Perhaps the error message could contain the actual range of allowed values,
especially since LONG_MAX differs across platforms.

The drawback is that "outrageously" would have to go then. :)
msg210571 - (view) Author: Gary Bernhardt (garybernhardt) Date: 2014-02-07 22:28
Although I thoroughly enjoyed "outrageously", I agree with Stefan about including the range of values. As a user who doesn't know the implementation, "outrageously" will just leave me asking why, but indicating the range will tell me exactly why the exception was raised.
msg215842 - (view) Author: Mark Dickinson (mark.dickinson) * (Python committer) Date: 2014-04-09 19:59
Updated patch.
msg215847 - (view) Author: Josh Rosenberg (josh.r) * Date: 2014-04-09 21:26
Mark, you said:

> OverflowError seems to have the majority vote. I'll change it to that.

But your most recent patch seems to have gone back to ValueError for both cases. Is there a reason for that? FWIW, I favor OverflowError as the "too large" type, though I prefer the less hyperbolic phrasing of the error message in the new patch.
msg215852 - (view) Author: Mark Dickinson (mark.dickinson) * (Python committer) Date: 2014-04-09 22:11
Josh: well spotted; thanks for picking up on this.  I was wondering whether anyone would pick up on that, and I should have mentioned the change explicitly.

I do think ValueError is the correct exception here.  My interpretation of OverflowError is that it represents an overflow occurring during the computation, and that's not what's happening here: we're flat-out rejecting an input value because it's out of the range of values we accept.  Stefan's message influenced me a bit in that direction, too.
msg215857 - (view) Author: Josh Rosenberg (josh.r) * Date: 2014-04-09 23:56
I just think it's a little odd to make math.factorial uniquely sensitive to the documented definition of OverflowError. Basically every one of the non-masking PyLong_As<CType> interfaces uses OverflowError for too large values.

In fact, all the functions which are converting to unsigned C types and aren't doing so for "program logic reasons" (e.g. the shift functions don't accept a negative shift due to semantic obscurity, and long_to_bytes doesn't accept a negative length for the output) use OverflowError when a negative value is passed as well.

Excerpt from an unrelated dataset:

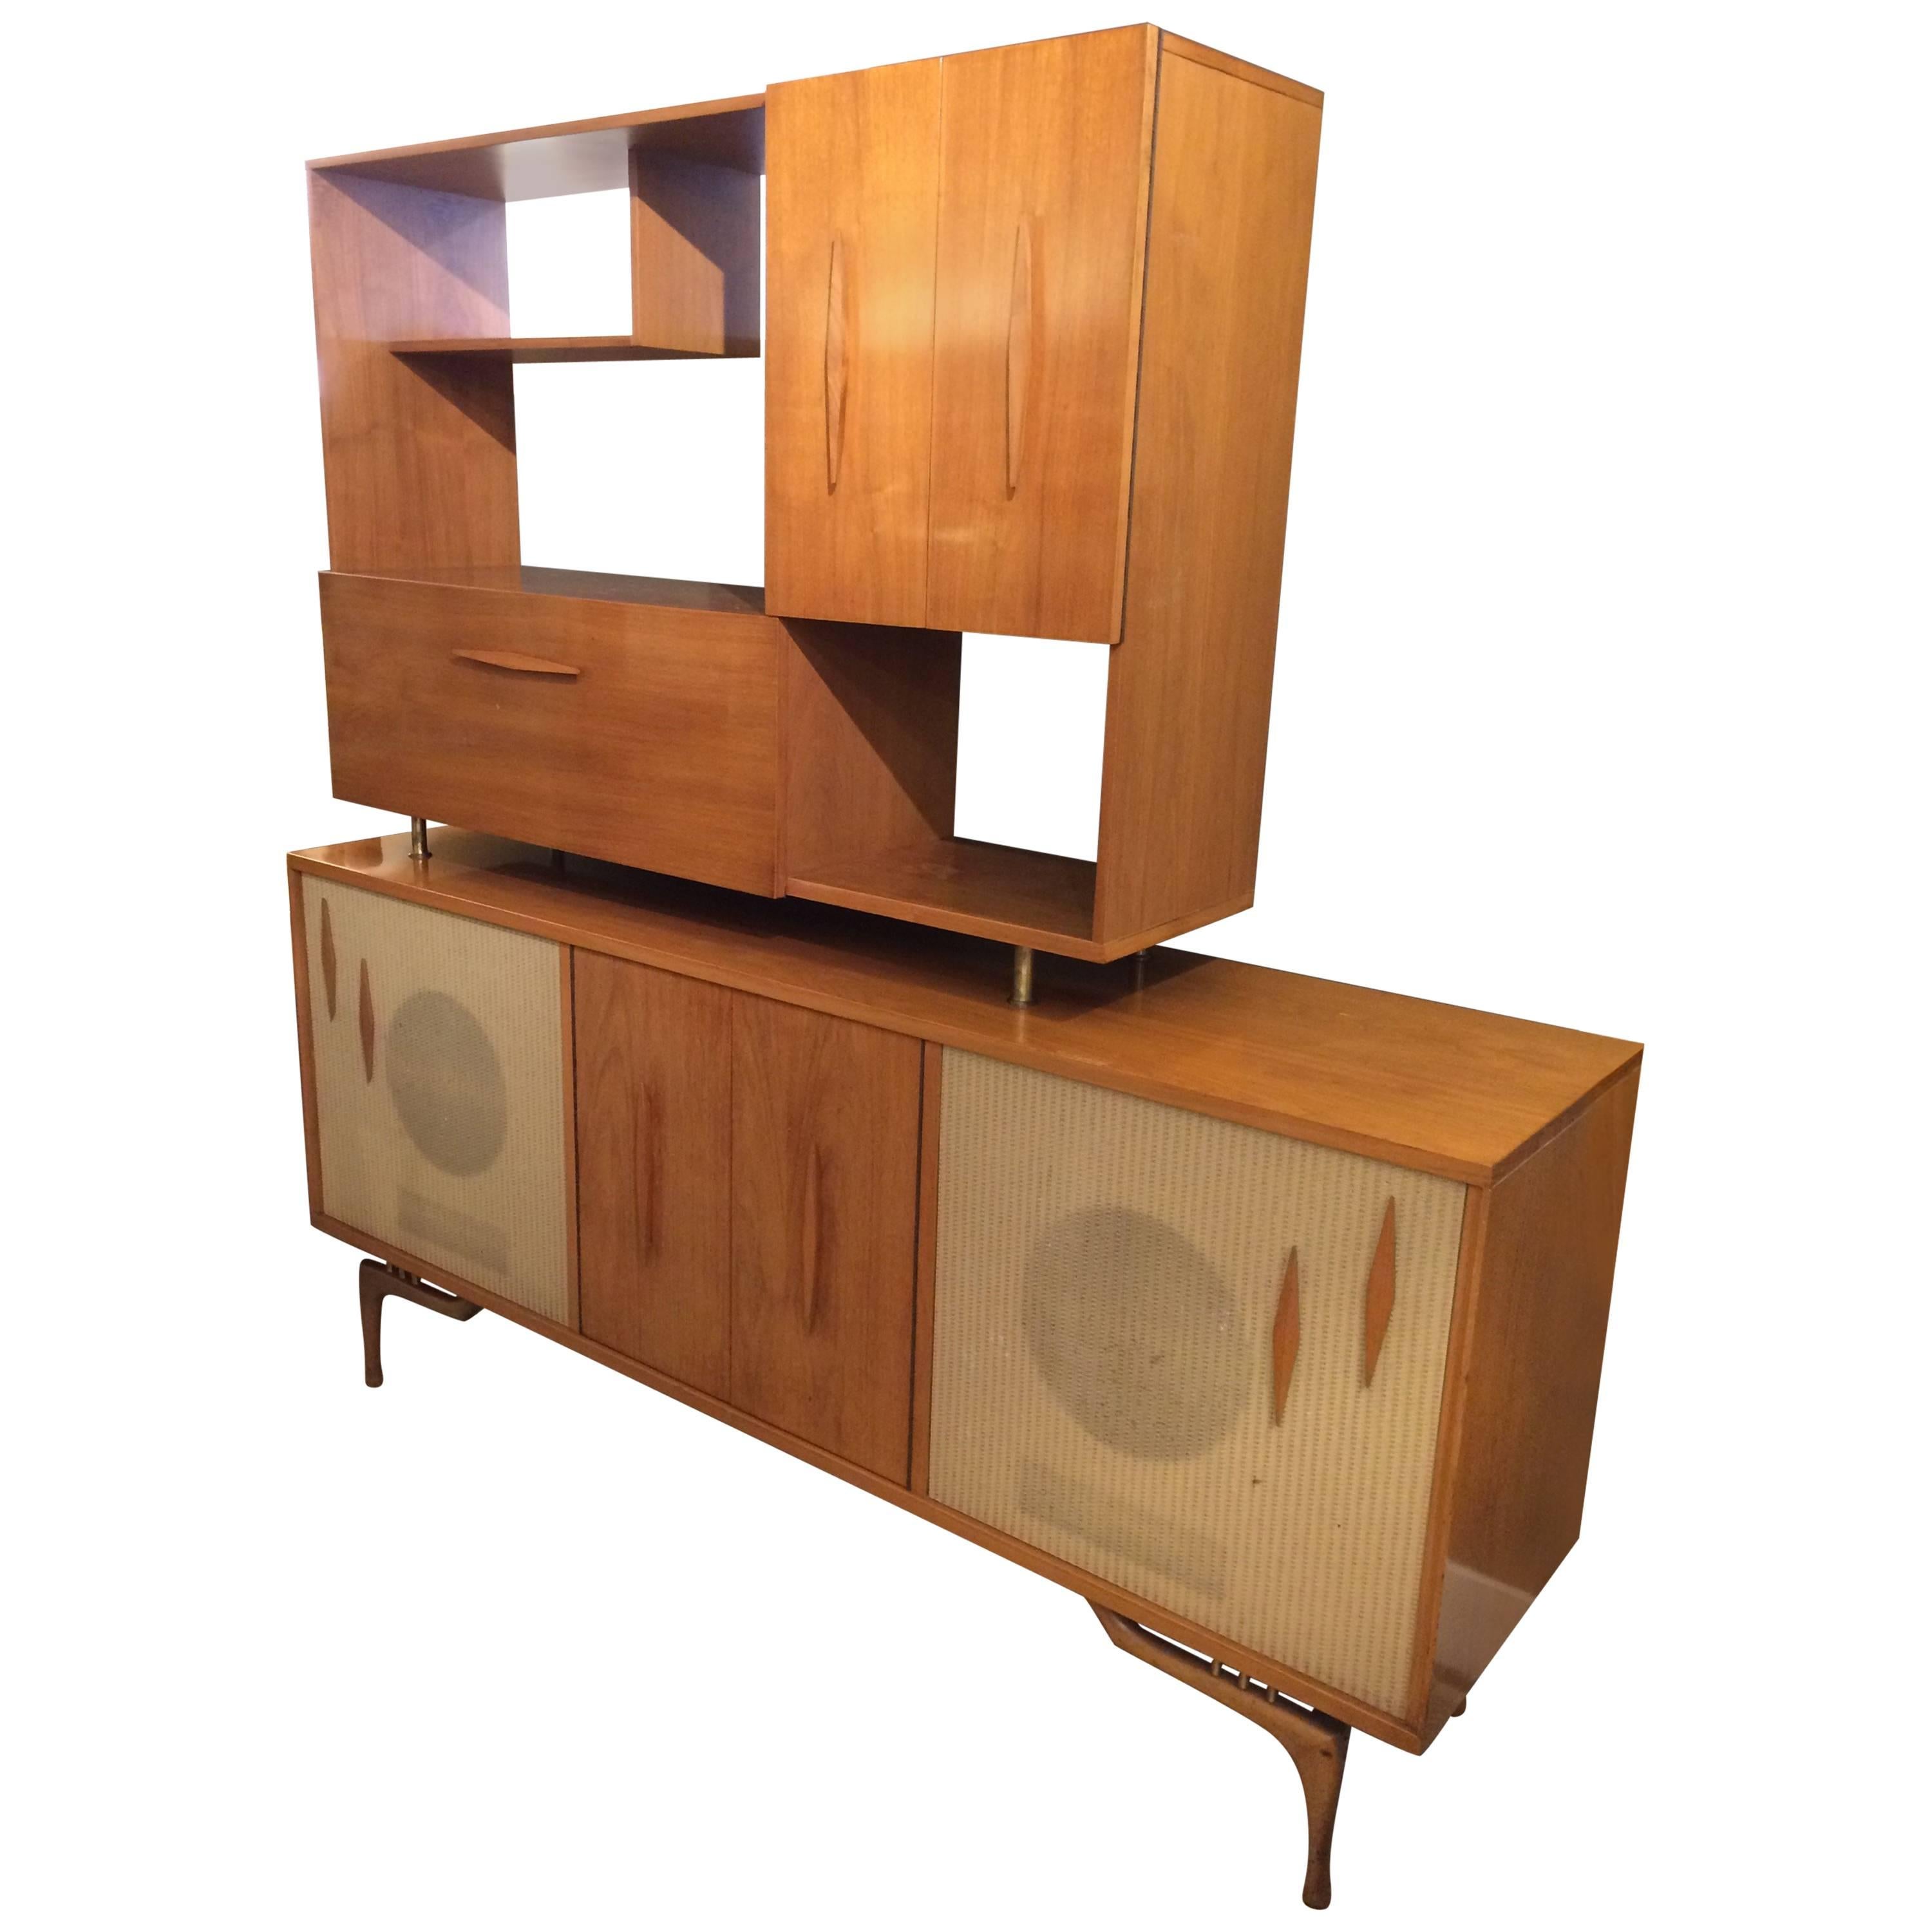 Sensational Mid-Century Modern Stereo Cabinet and Dry Bar

The PyArg_ParseTuple* functions raise OverflowError as well, either implicitly (when they call a PyLong_As<CType> function), or explicitly for those functions that impose more restrictive ranges than the PyLong function they wrap.

Long story short: The majority of C extension functions that convert to C level types are raising OverflowError to mean "out of range for implementation's chosen C type" (whether too large, too small, or negative when only unsigned values excepted) as a side-effect of using Python's documented APIs. Making math.factorial the exception would be violating the reasonable expectation one might get from using similar functions.
msg215861 - (view) Author: Mark Dickinson (mark.dickinson) * (Python committer) Date: 2014-04-10 01:06
> Making math.factorial the exception would be violating the reasonable expectation one might get from using similar functions.

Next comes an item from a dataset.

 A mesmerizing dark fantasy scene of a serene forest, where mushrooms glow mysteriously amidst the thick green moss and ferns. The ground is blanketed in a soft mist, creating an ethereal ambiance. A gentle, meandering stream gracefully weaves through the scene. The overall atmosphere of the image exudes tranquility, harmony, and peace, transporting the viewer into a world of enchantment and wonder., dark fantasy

Can you point to some examples of those similar functions?  I can't think of any obvious examples offhand.
msg215862 - (view) Author: Josh Rosenberg (josh.r) * Date: 2014-04-10 03:38
A few examples (some are patently ridiculous, since the range of values anyone would use ends long before you'd overflow a 32 bit integer, let alone a 64 bit value on my build of Python, but bear with me:

>>> datetime.datetime(2**64, 1, 2)
Traceback (most recent call last):
  File "<stdin>", line 1, in <module>
OverflowError: Python int too large to convert to C long
>>> datetime.datetime(-2**64, 1, 2)
Traceback (most recent call last):
  File "<stdin>", line 1, in <module>
OverflowError: Python int too large to convert to C long

>>> time.mktime(time.struct_time([2**64]*9))
Traceback (most recent call last):
  File "<stdin>", line 1, in <module>
OverflowError: Python int too large to convert to C long

>>> sqlite3.enable_callback_tracebacks(2**64)
Traceback (most recent call last):
  File "<stdin>", line 1, in <module>
OverflowError: Python int too large to convert to C long

(That last one should really be changed to type code 'p' over 'i', or to 'B' since it's just a boolean, so overflow doesn't matter, just truthy/falsy behavior)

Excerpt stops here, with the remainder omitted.